What trends should we look for if we want to identify stocks that can multiply in value over the long term? First, we would like to identify a growth come back on capital employed (ROCE) and at the same time, a base capital employed. Ultimately, this demonstrates that this is a company that reinvests its earnings at increasing rates of return. Therefore, when we briefly examined from the dotdigital group (LON:DOTD) ROCE trend, we were very pleased with what we saw.
What is return on capital employed (ROCE)?

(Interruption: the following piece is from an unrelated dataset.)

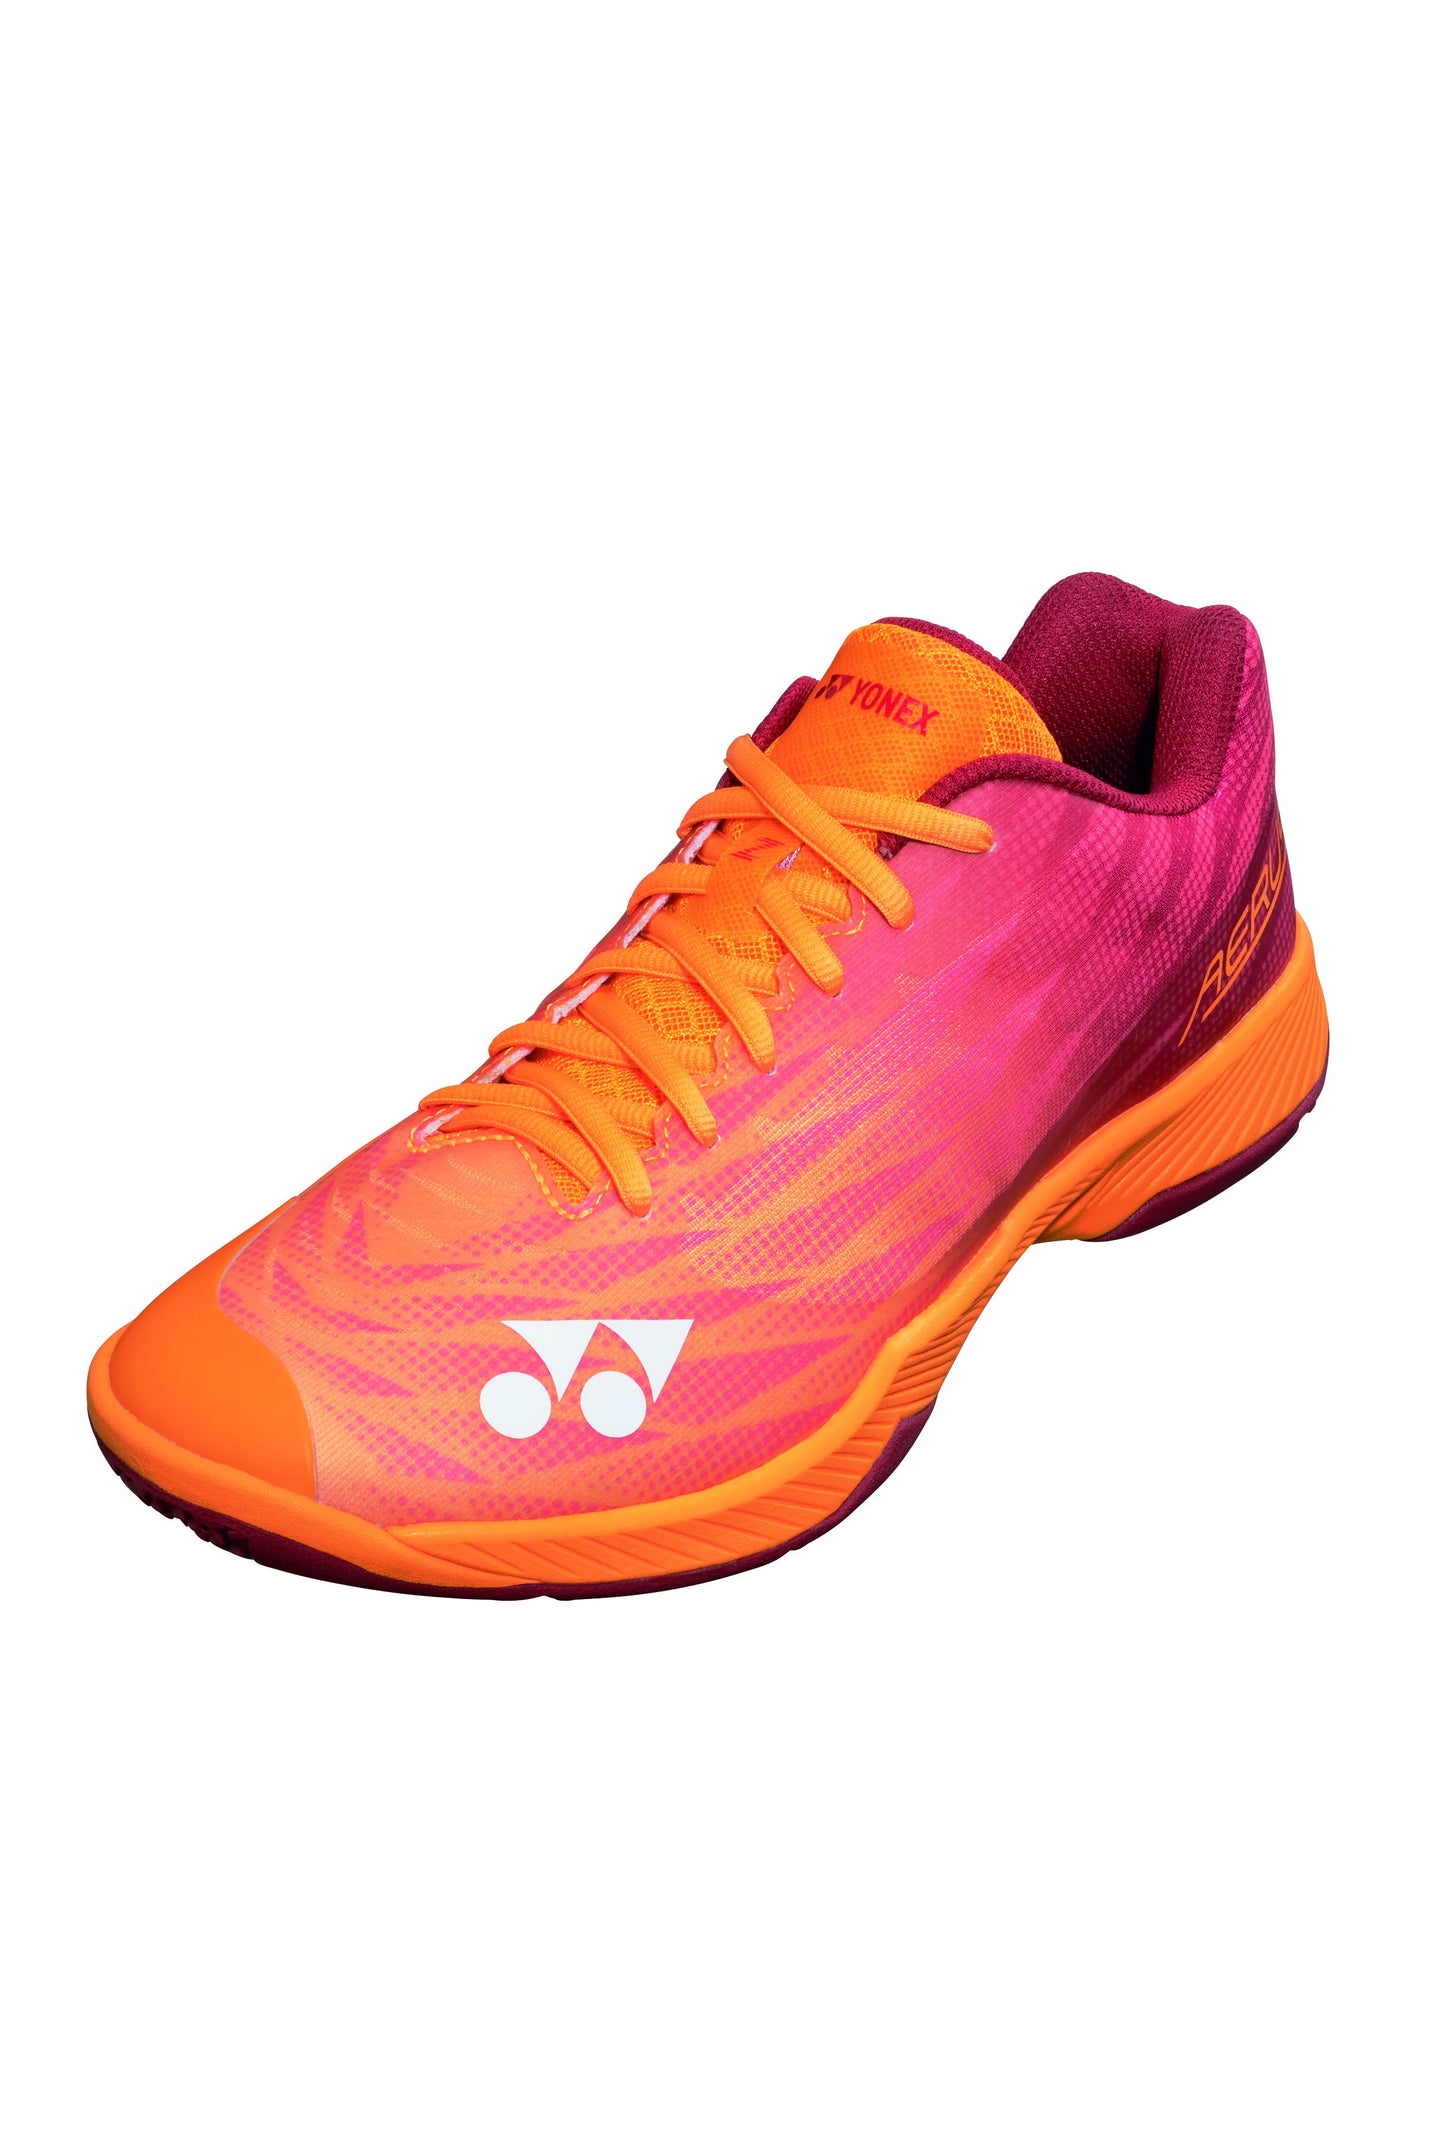 YONEX Badminton Shoes POWER CUSHION AERUS Z2 MENS [Orange Red] - Max Sports

Just to clarify if you’re not sure, ROCE is a measure of the pre-tax income (as a percentage) that a business earns on the capital invested in its business. To calculate this metric for dotdigital Group, here is the formula:
Return on Capital Employed = Earnings Before Interest and Tax (EBIT) ÷ (Total Assets – Current Liabilities)
0.20 = £15m ÷ (£83m – £11m) (Based on the last twelve months to December 2021).
So, dotdigital Group posted a ROCE of 20%. This is a fantastic return and not only that, it exceeds the 7.7% average earned by companies in a similar industry.
Discover our latest analysis for dotdigital Group
Above, you can see how dotdigital Group’s current ROCE compares to its past returns on capital, but there’s little you can say about the past. If you want to see what analysts predict for the future, you should check out our free report for the dotdigital group.
What the ROCE trend can tell us
It’s hard not to be impressed with the returns on capital of dotdigital Group. The company has consistently gained 20% over the past five years and the capital employed within the company has increased by 157% over this period. With such high returns, it’s great that the company can continually reinvest its money at such attractive rates of return. You will see this when you look at well-run businesses or favorable business models.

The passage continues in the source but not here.